第八十三章 傭兵と剣士と月と
―走る―
―走る、走る、走る。―
―風よりも早く―
妖夢は竹林を駆け抜けていた。竹林に入ってから結構な時間が立っているように感じていた。どこまでも同じ景色だけが続いている。
(ウサギがわいてくる…だっけ?生物の気配すらしないんだけど…?)
走りつつ周囲に気を配ってみても遠くで戦闘の気配がしているだけで、すぐ近くには何の気配も感じられなかった。その事が余計に時間を遅く感じさせていた。ただ、確実に戦闘の気配が近づいているのだけは分かっていた。そして、その気配が弱まり始めている事にも。
(戦闘が終わった…?いや、気は抜けないよ。もしかしたら、何かが起こったのかもしれない)
妖夢は前方に開けた場所を確認した。嫌な胸騒ぎがした。なぜかわからないが、とても悪い予感がしたので速度を上げる。開けた場所にでて、上を見上げる。すると月をバックにシュウが捕えられているのが視界に映った。

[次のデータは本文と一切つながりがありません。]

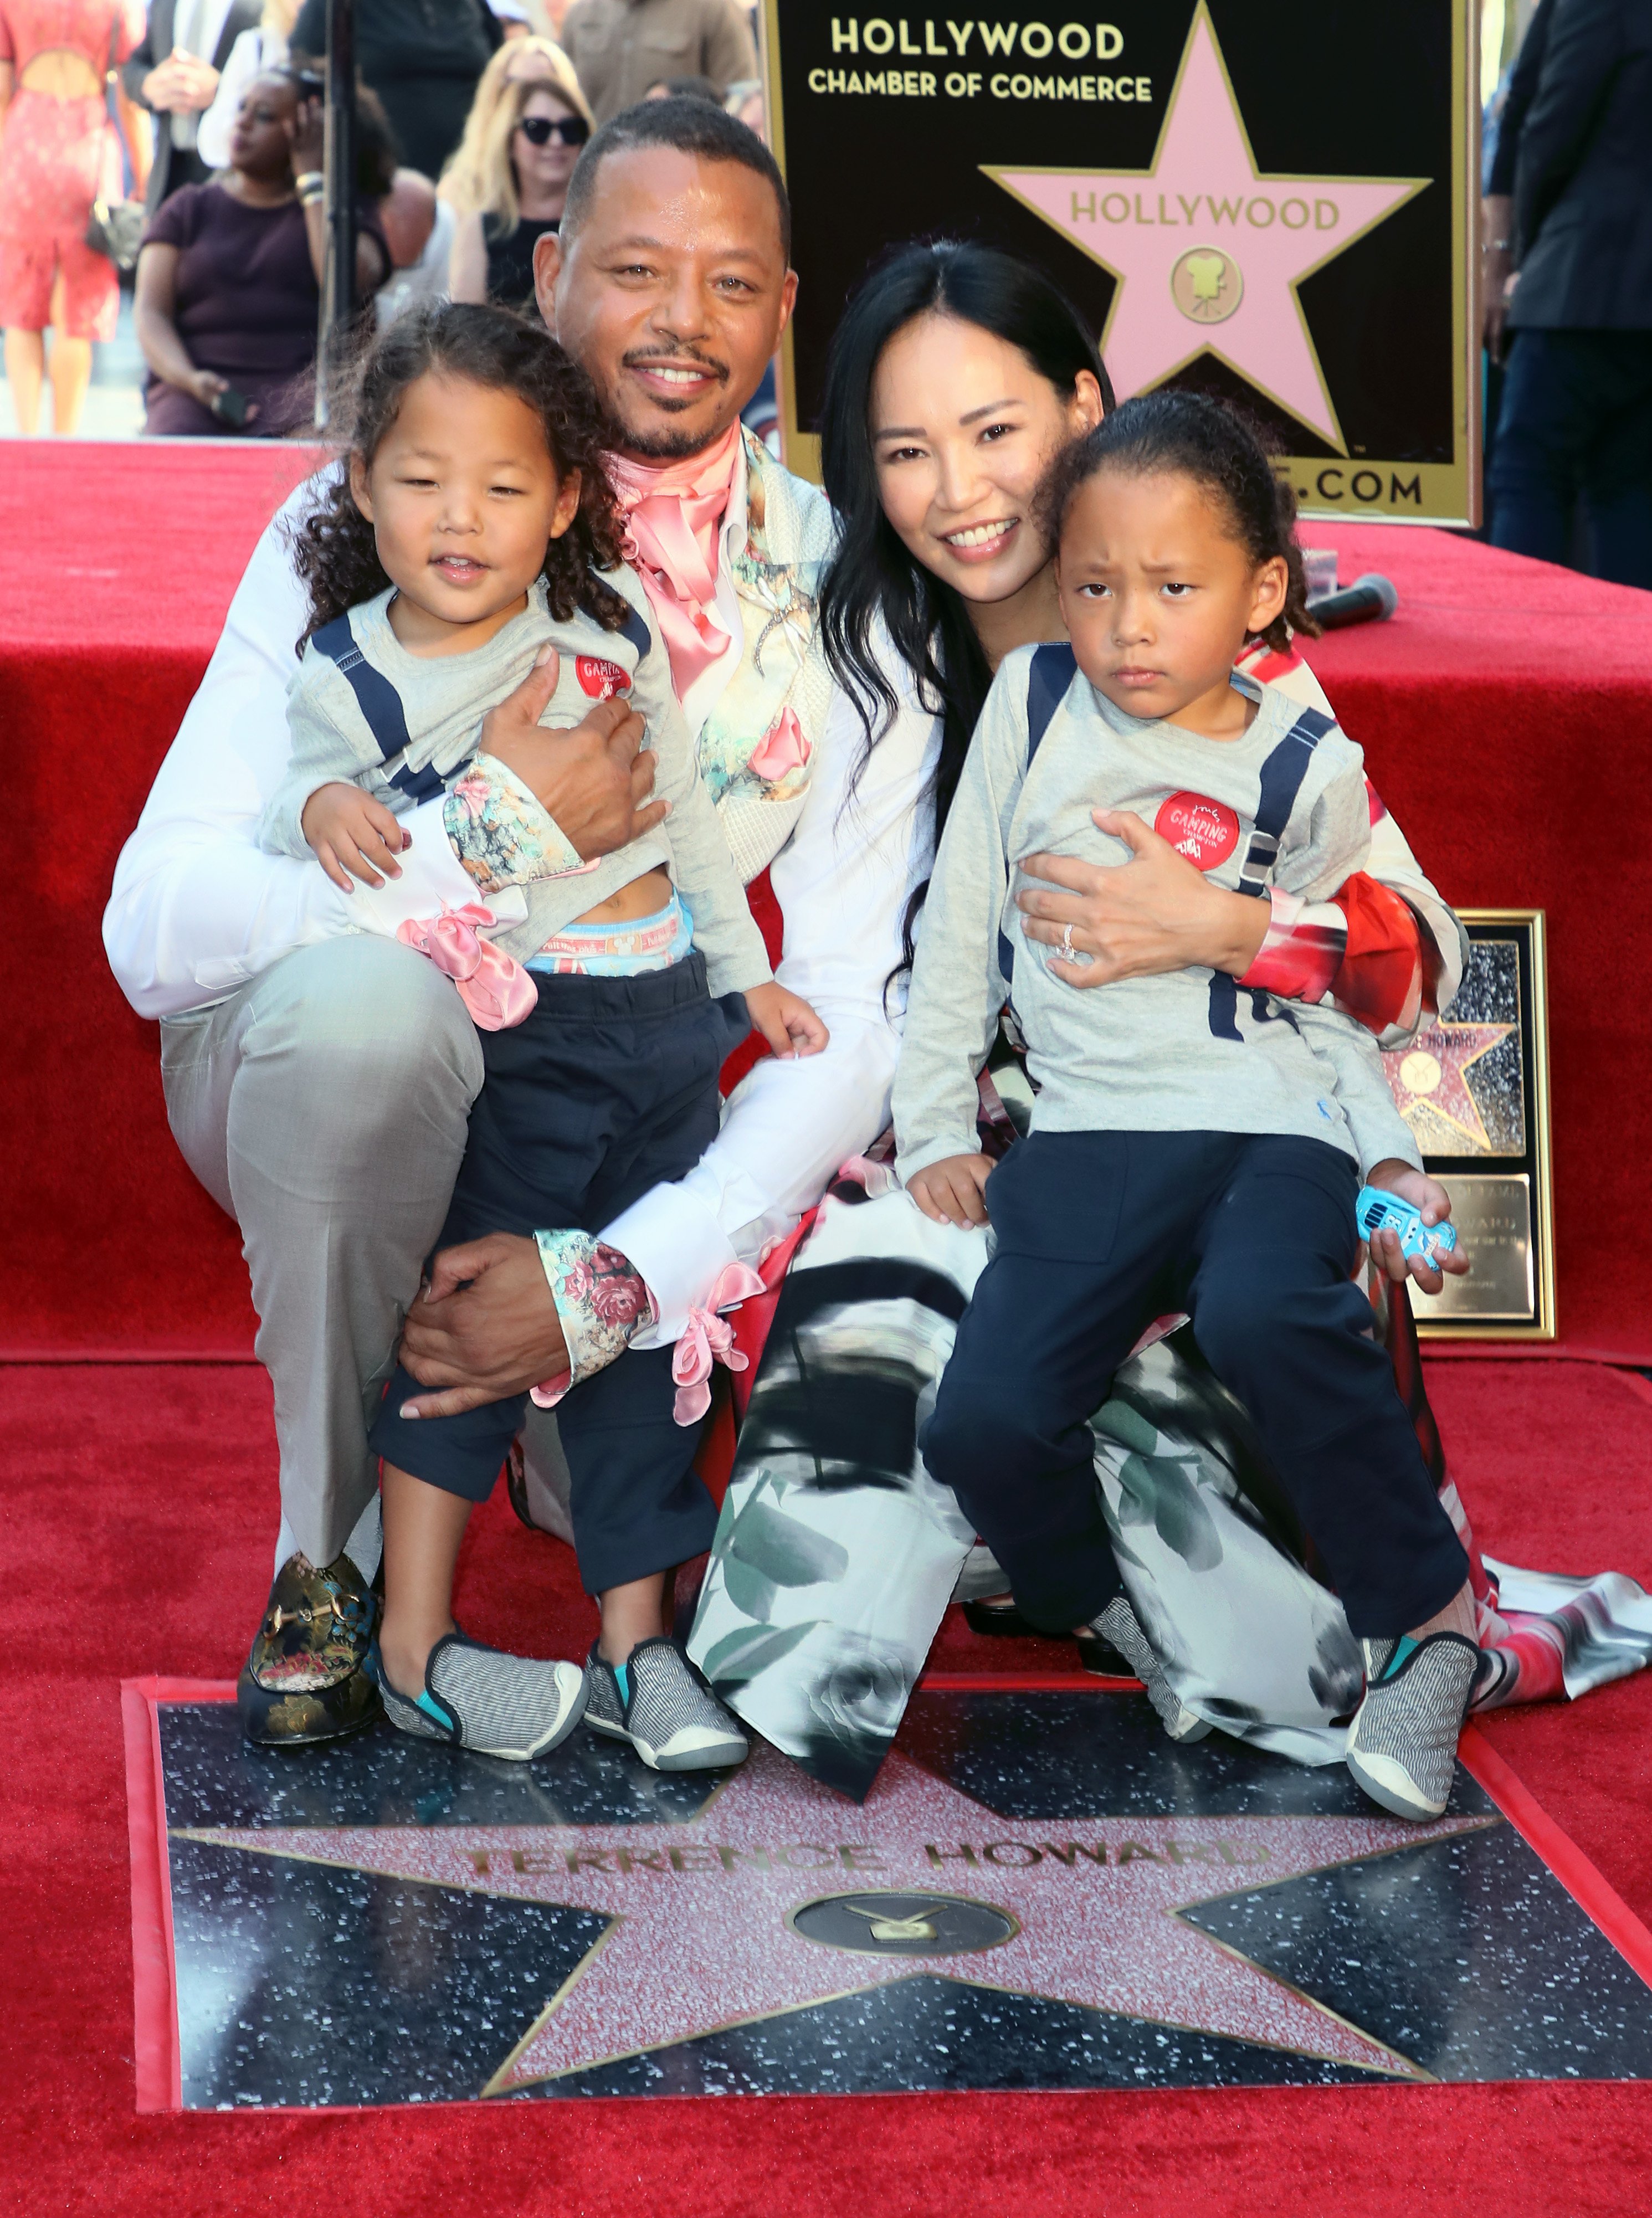 Terrence Howard, Mira Pak and sons Hero Howard and Quirin Howard attend on the Hollywood Walk of Fame on, September 24, 2019, in Hollywood, California. | Source: Getty Images

藍が妖力を込めた手を喉に延ばそうとしている。
(このっ!)
妖夢は何かを考える前に飛び出していた。二刀を抜刀する。全速力で翔けるが、このままでは藍の手が伸びる方が早い。もどかしかった、早く飛べない自分が。
(間にあえ…っ)
それは祈りにも似たある種の願望。その瞬間閃光が迸った。藍の腕は一瞬で消し飛び、彼女の表情は驚愕で染まり、身体は驚きから硬直している。
(これは好機!)
月に向かって高々とスペルを掲げる。それは絶対の自信を持った最後の宣告。
「待宵反射衛星斬」
妖夢は勢いを殺さず飛び上がり、藍の上に陣取った。妖しく光る欠けた月が二本の刃に写り込む。白楼剣の刀身越しに月が視界に入った。突如妖夢は時間が引き延ばされる様な錯覚に陥る。藍が妖夢の気配を感知し、上空を仰いだ。その表情は憎悪にも似た狂気をはらんでいる様に見えた。藍が迎撃に移ろうと動き始めた。妖夢はゆっくりと流れる時間の中で自分もまた狂気に墜ちていると感じた。観楼剣に自らの姿が、赤い瞳の狂気が映っていた。
―絶対に仕留めるッ!―
妖夢は藍に向かって突撃しながら全身全霊をもって刀を振り下ろした。それは一瞬の出来事。振り下ろす瞬間、月明かりにあてられて刀身が輝いた。その輝きは銀閃の煌めきとなって夜空を埋め尽くす。その弾幕は場違いながらも満天の星空を想起させる様な輝きを持っていた。それらは刹那の間に藍の身体へと吸い込まれていった。藍の身体に幾千もの切創が走る。突然の激痛に藍の動きが止まった。そこへ振り下ろされた刃は藍を掻き落とした。
藍はもの凄い勢いで落下していき、地面に叩きつけられた。その衝撃で地面に皹が走り、すぐ近くで動けない早苗(気絶継続中)を吹き飛ばした。直後、シュウに纏われていた網が消えた。それまで宙を彷徨っていたシュウの視線が妖夢を捉え、その眼に意識が戻った。
「妖夢…」
「シュウ!大丈夫!?」
「あぁ、なんとかな。悪ぃな助けて貰っちまって」
シュウは「飛び疲れたから降りたい」と断ると、ゆっくりと地上に向かいながらバツの悪い表情でそう言った。
「うぅん。いいよ、シュウ。だって今まで私ばっかり庇ってもらって、気遣ってもらって。そんなの対等じゃないよ。だからいいの。お互い様」
「そっか…」
地面に降り立つと藍が何か言いたげにこっちを睨んでいた。ただ、声を出すだけの余裕はないようだ。そしてその脇にはスーツがうつぶせに転がっていた。早苗はレールガンを撃った体勢のままビクともしない。シュウは妖夢とアイコンタクトをとって早苗の救出に向かった。
あとがき。
どうも。
僕です。
今回を読んで貰った時に違和感を感じるかもしれない所があるので補足をば。
問題の個所はこちら
『観楼剣に自らの姿が、赤い瞳の狂気が映っていた。』
です。
赤い瞳の狂気って言うのは別に優曇華じゃないです。
で、解説を致しますと、永夜抄の妖夢のラストワードが今問題に上げている「待宵反射衛星斬」なんですが、その時の立ち絵が
”妖夢の目が赤い”
んですね。寝不足でしょうか。違いますか。
閑話休題。
で、赤い瞳、月のスペル、さらに「東方元ネタwiki」様のこの文章。
「•月の力を利用
◦狂気の瞳状態なこと?」
と言う部分です。
以上の事からこのような表現をさせていただきました。
いやぁ、カッコいいですよね、このスペル。